But moving to the United States changed all that for me. Especially when I started to live in Chicago, I was subjected to the most intense change of seasons. There was a song from a movie, I cannot quite remember the title of that went something like - "Pathjhad, saawan, basant, bahaar, ek baras me mausam chaar, mausam chaar" (There are 4 seasons in a year - Fall, Rains, Spring, Summer - though basant and bahaar mean spring, I am sure that is what the poet meant). I got to experience this full throttle here but instead of the "paanchwa mausam pyaar ka, intezaar ka" (fifth season is of love and waiting), the fifth and the most dominant season here happens to be winter which is just starting out here and is expected to last for the next 6 months at the least before we spring into bahaar!

So having experienced these seasons for more than 2 decades now, I was thinking to myself which season do I like the most? Which season would I most associate myself and look forward to? I pondered as I started out of the window because sometimes in Chicago it feels like you are subjected to all the seasons in a matter of days. Starts of being warm and sunny like summer, then goes on to become a little chilly like Spring, followed by even more cold with leaves blowing around like Fall and then of course the layer of snow on the ground and before you know it, the rain starts like today. As you can see, I was not exaggerating. In fact there is a joke that goes around here that says in Chicago you could experience all the seasons in a day. While I do agree with that to an extent (at least 50% of the seasons in a day), I will let that pass.

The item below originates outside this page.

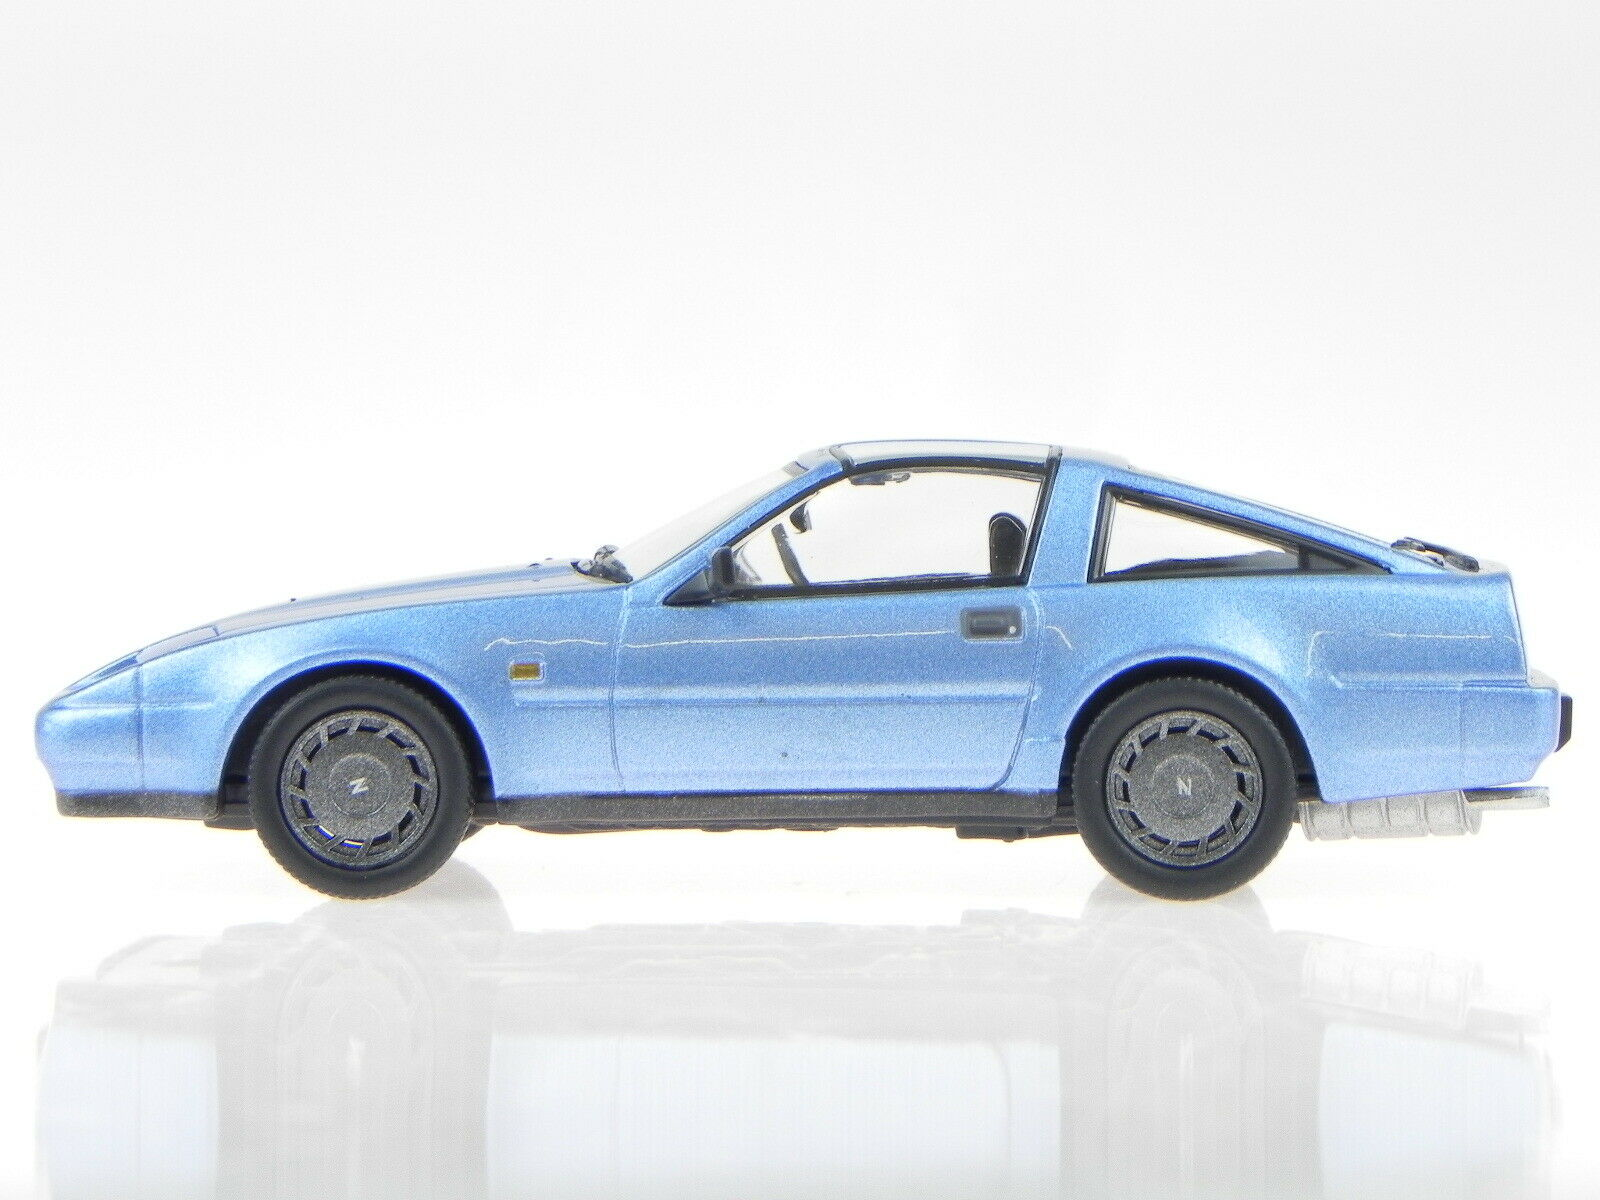 Nissan Fairlady Z 300ZR 300ZX HZ31 Coupe Rot 1983-1989 1//43 Kyosho Modell Auto m

In a nutshell, I meant that I have experienced almost all fo these seasons in the past few days.  The view from. my window is quite something. There is a brook in front surrounded by trees, some ever greens (that give the feeling of spring) and other bare ones (from the fall). The best part is that I can see the sunset from this window. The sunset also changes according to the seasons.

During the summer season (4 days ago), I was greeted in the morning by a bright sun that streamed sunlight into my cozy home warming everything it fell on and especially my heart. The sun reflected off the waves in the placid lake whose tiny waves shimmered and danced like silver beads. The ebb and flow of the water, bringing together the sun's rays like glass and then shattering it into a million little pieces of light. The play of sun in the water, I watched all day long as the trees basked in the glorious morning followed by a warm afternoon and finally the time I wait holding my breath for- the sunset. The sky took on different colors of a painters palette, as everything condensed into a stillness of space and time that enveloped my being. The calm and peace I feel when I watch the sun and its surrounding which encompasses the while sky, change colors as it goes from a brightly shining star to a ball of fire is simply mesmerizing. The orange hues around it make the blue sky appear purple, red, orange, yellow and all the shades in between. All I can do is stare out of the window and thank Allah SWT for blessing me with such a perfect moment as I watch the sun descend into the waters and disappear with the last ray, another day of life just having passed without me being hungry, homeless or uneducated. Everything and more to be grateful for! Surely, summer is my most favorite season?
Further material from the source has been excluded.